This talk focuses on training Deep Neural Networks (DNNs), which due to the enormous number of parameters current DNNs have, using the Hessian matrix or a full approximation to it in a second-order method is prohibitive, both in terms of memory requirements and computational cost per iteration. Hence, to be practical, layer-wise block-diagonal approximations to these matrices are usually used. Here we describe second-order quasi-Newton (QN), natural gradient (NG), and generalized Gauss-Newton (GGN) methods of this type that are competitive with and often outperform first-order methods. These methods include those that use layer-wise (i) Kronecker-factored BFGS and L-BFGS QN approximations, (ii) tensor normal covariance and (iii) mini-block Fisher matrix approximations, and (iv) Sherman-Morrison-Woodbury based variants of NG and GGN methods.

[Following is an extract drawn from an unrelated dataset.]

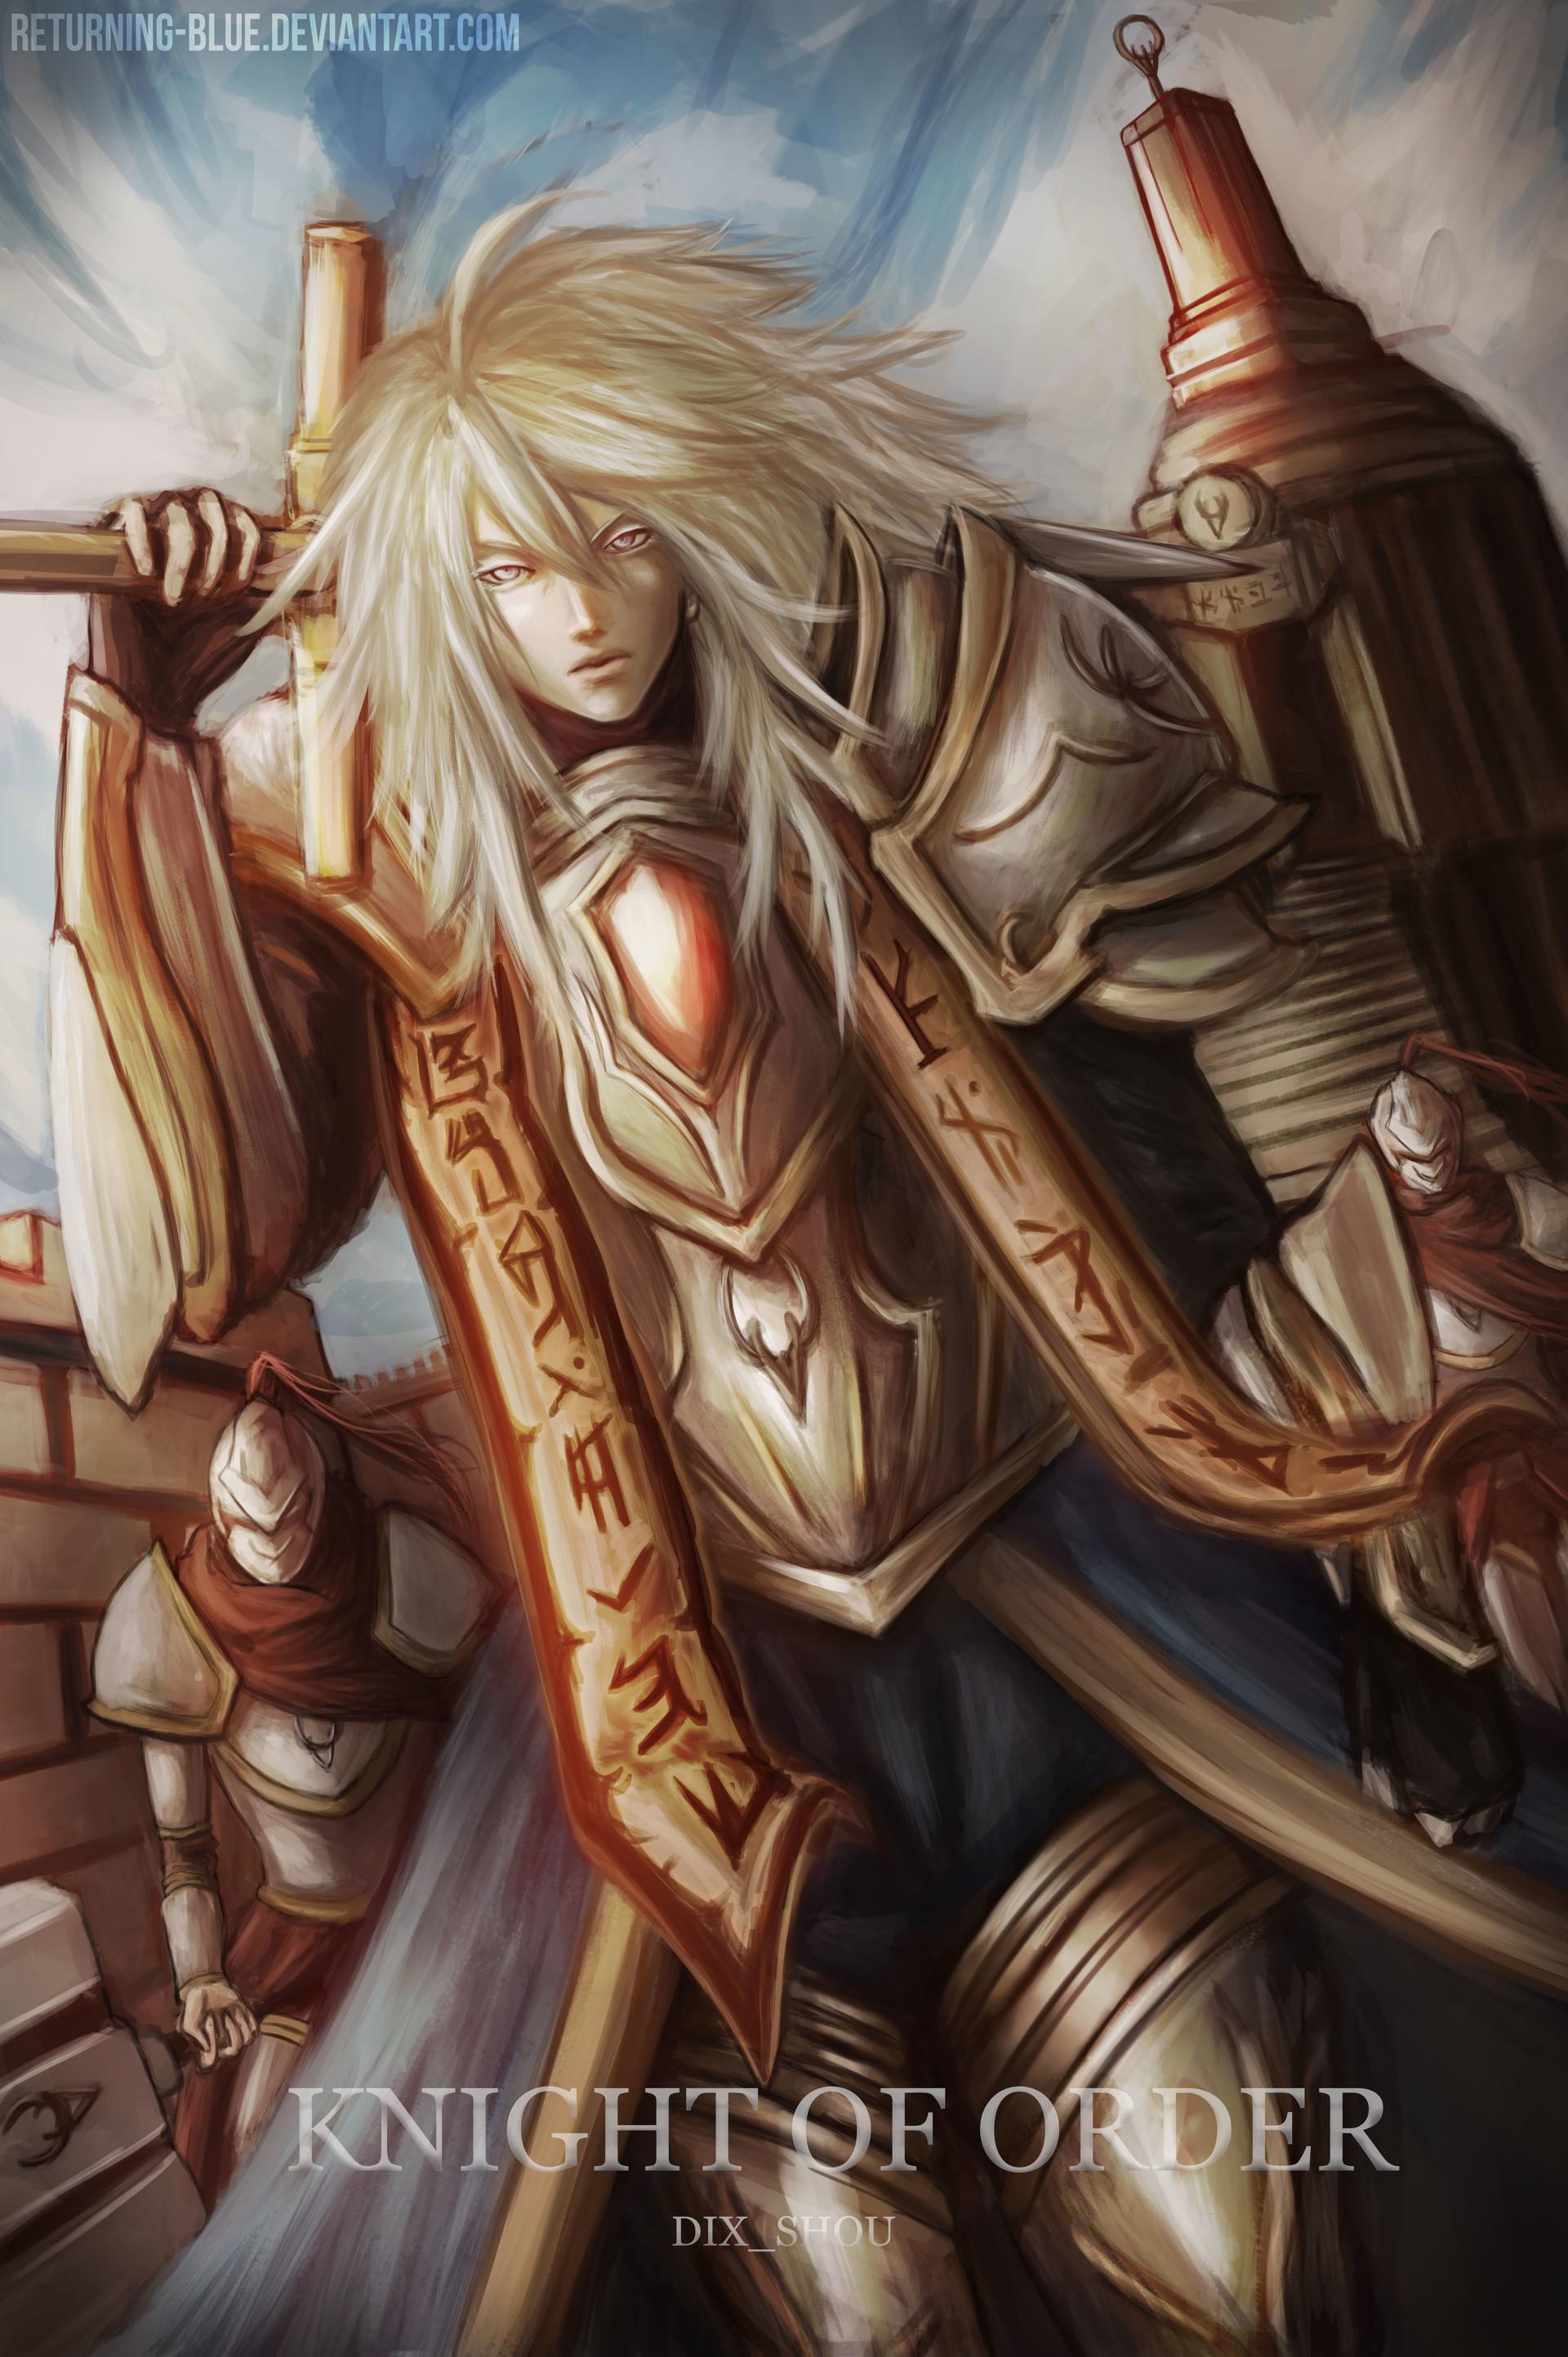 Dix shou knight of order final

Donald Goldfarb is the Avanessians Professor in the IEOR Department at Columbia University. He is internationally recognized for the design and analysis of efficient and practical algorithms including the BFGS method, the steepest-edge simplex algorithms, and the Goldfarb-Idnani algorithm, for solving classes of optimization problems. Goldfarb received a BSChE from Cornell University, and M.S. and PhD from Princeton University. Goldfarb spent two years as a post-doc at the Courant Institute. In 1968, he co-founded the CS Department at the City College of New York, serving 14 years on its faculty. During the 1979–80 academic year, he was a Visiting Professor in the CS and ORIE Departments at Cornell University. In 1982, Goldfarb joined the IEOR Department at Columbia, serving as Chair from 1984–2002. He also served as Interim Dean of Columbia’s School of Engineering and Applied Science during the 1994–95 and 2012–13 academic years.
Goldfarb is a SIAM Fellow. He was awarded the INFORMS John Von Neumann Theory Prize in 2017, the Khachiyan Prize in 2013 the INFORMS Prize for Research Excellence in the Interface between OR and CS in 1995, and was listed in The World’s Most Influential Scientific Minds, 2014, as being among the 99 most cited mathematicians between 2002 and 2012. Goldfarb has served as an editor-in-chief of Mathematical Programming, an editor of the SIAM J. Numerical Analysis and the SIAM J. Optimization, and as an associate editor of Mathematics of Computation, Operations Research and Mathematical Programming Computation.